Computational study and experimental comparison of the in-flight particle behavior for an external injection plasma spray process

A three-dimensional computational fluid dynamic (CFD) analysis using Fluent V5.4 was conducted on the in-flight particle behavior during the plasma spraying process with external injection. The spray process was modeled as a steady jet issuing from the torch nozzle via the heating of the are gas by an electric are within the nozzle. The stochastic discrete model was used for the particle distribution. The particle temperature, velocity, and size inside the plasma plume at a specified standoff distance have been investigated.

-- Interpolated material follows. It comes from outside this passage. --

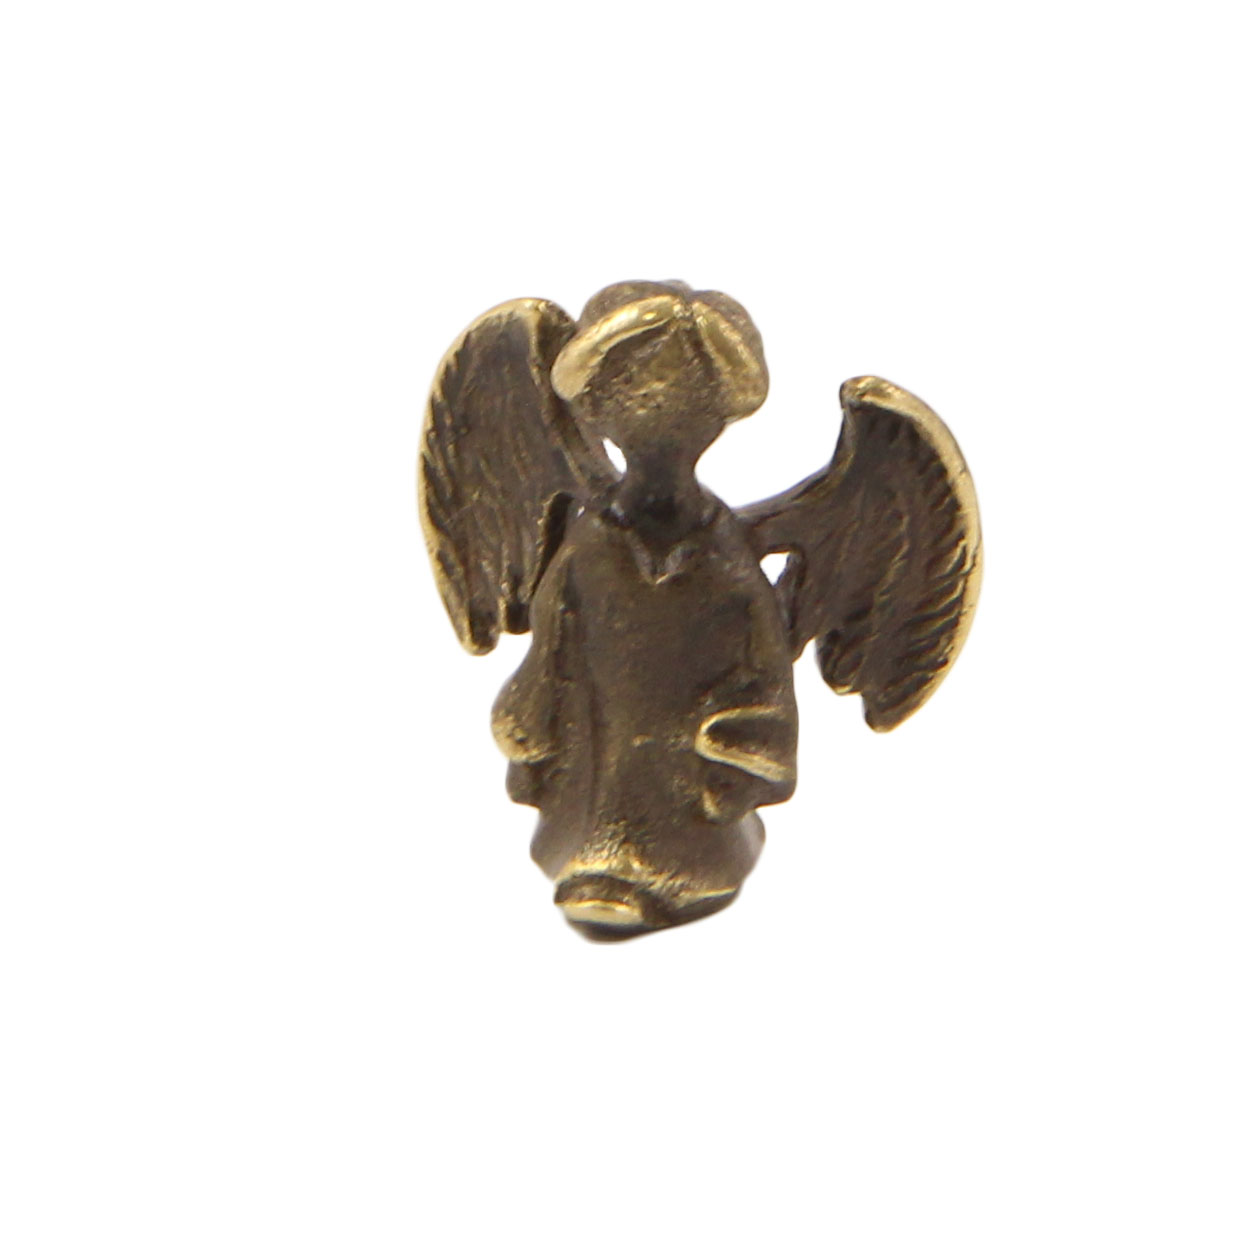 Бронзовый сувенир Ангел безликий малыйФото 15455-11.jpg

The results show that carrier gas flow rate variation from 2 standard liters per minute (slm) to 4.0 slm can increase the centerline particle mean temperature and mean velocity by 10% and 16%, respectively, at the specified standoff distance. A further increase of the carrier gas flow rate to 6 slm did not change the particle temperature, but the particle velocity was decreased by 20%. It was also found that an increase in the total arc gas flow rate from 52 slm to 61 slm, with all other process parameters unchanged, resulted in a 17% higher particle velocity, but 6% lower particle temperature. Some of these computational findings were experimentally confirmed by Kucuk et al. For a given process parameter setting, the kinetic and thermal energy extracted by the particles reached a maximum for carrier gas flow rate of about 3.5–4.0 slm.